Brenda Ueland on why women should write

Brenda Ueland“Think of telling a story, not writing it.”

Brenda Ueland (1891-1986) is best known as a journalist and teacher of writing. She wrote radio scripts, covered the trial of Vidkun Quisling in Norway, and wrote several memoirs. The Norwegian Arctic explorer and winner of the Nobel Peace Prize 67 year-old Fridjtof Nansen fell deeply in love with the 37 year-old Bohemian writer whom he met one weekend in 1929 during an interview that became more. They exchanged love letters for a year–until his death in 1930. Nansen’s letters have been recently published Brenda, My Darling by Eric Utne, her step-grandson.

Her 1938 book  If You Want to Write: A Book about Art, Independence and Spirit is considered a classic in the  overcrowded field of books aimed at inspiring new writers. Ueland believed that new writers were most hindered by their fear that they weren’t good enough. Through simple assignments she found ways to release people’s creativity. The key, she felt, was to look inside and write of oneself and one’s experiences with “microscopic truthfulness.” So she might ask her students to write about something that happened in their childhoods or some event they were part of. She was also an avid feminist as the following excerpt from If You Want to Write shows:

…the lives of most women are so vaguely unsatisfactory. They are always doing secondary and menial things (that do not require all their gifts and ability) for others and never anything for themselves. Society and their husbands praise them for it (when they get too miserable or have nervous breakdowns), though always a little perplexedly and halfheartedly and just to be consoling. The poor wives are reminded that is just why women are splendid–because they are so unselfish and self-sacrificing and that is the wonderful thing about them!

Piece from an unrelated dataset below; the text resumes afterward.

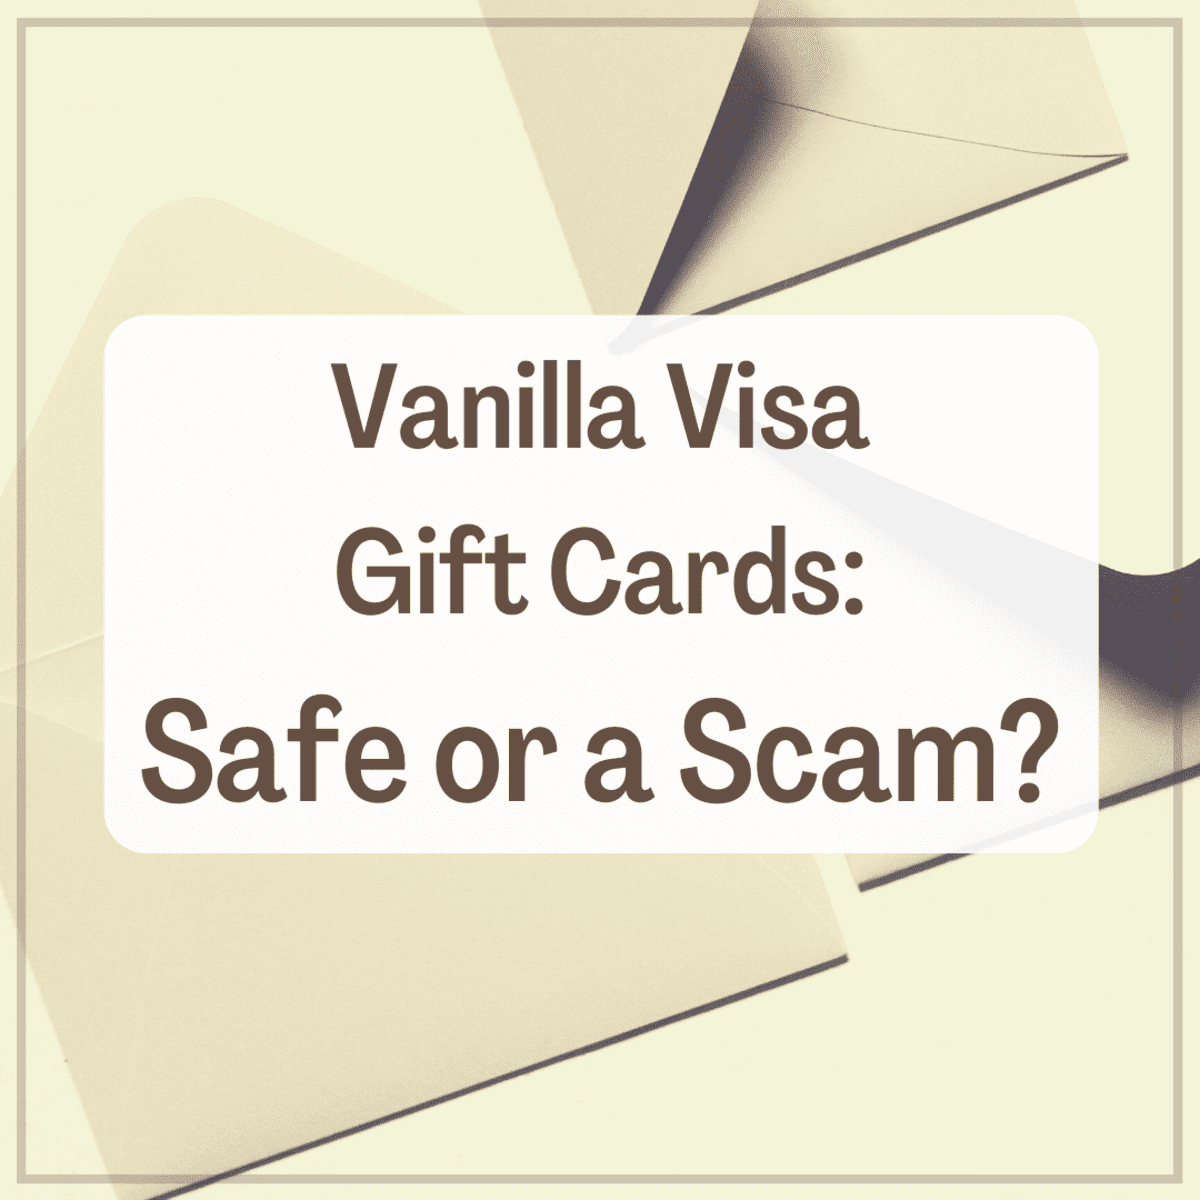 How to check your Vanilla Visa balance in Canada?

But inwardly women know that something is wrong. They sense that if you are always doing something for others, like a servant or a nurse, and never anything for yourself, you cannot do others any good. You make them physically more comfortable. But you cannot affect them spiritually in any way at all. For to teach, encourage, cheer up, console, amuse, stimulate, or advise a husband or children or friends, you have to be something yourself. And how to be something yourself? Only by working hard and with gumption at something you love and care for and think is important.

So if you want your children to be musicians, then work at music yourself, seriously and with all your intelligence. If you want them to be scholars, study hard yourself. If you want them to be honest, be honest yourself. And so it goes.

And that is why I would say to the worn and hectored mothers in the class who longed to write and could not find a minute for it. “If you would shut your door against the children for an hour a day and say: ‘Mother is working on her five-act tragedy in blank verse!’ you would be surprised how they would respect you. They would probably all become playwrights.”

What do you think? Do Ueland’s words still have meaning in women’s lives today? Are you a writer? Why do you think it is important to write?

10 Replies to “Brenda Ueland on why women should write”

  1. Absolutely, her words still resonate for women today. So many of us still live for others and put off our own dreams. I love the line about shutting the door and telling the children mother is writing a play in blank verse. I think it’s true that people respect others who respect themselves. And letting your children dictate every moment of your life is not self-respect. It’s hard to shut the door, I know. But it must be done sometimes.

    1. Especially in the arts, mothers need to demand respect for the private time needed to create. In doing so we model for our children how to focus and sustain on creative work.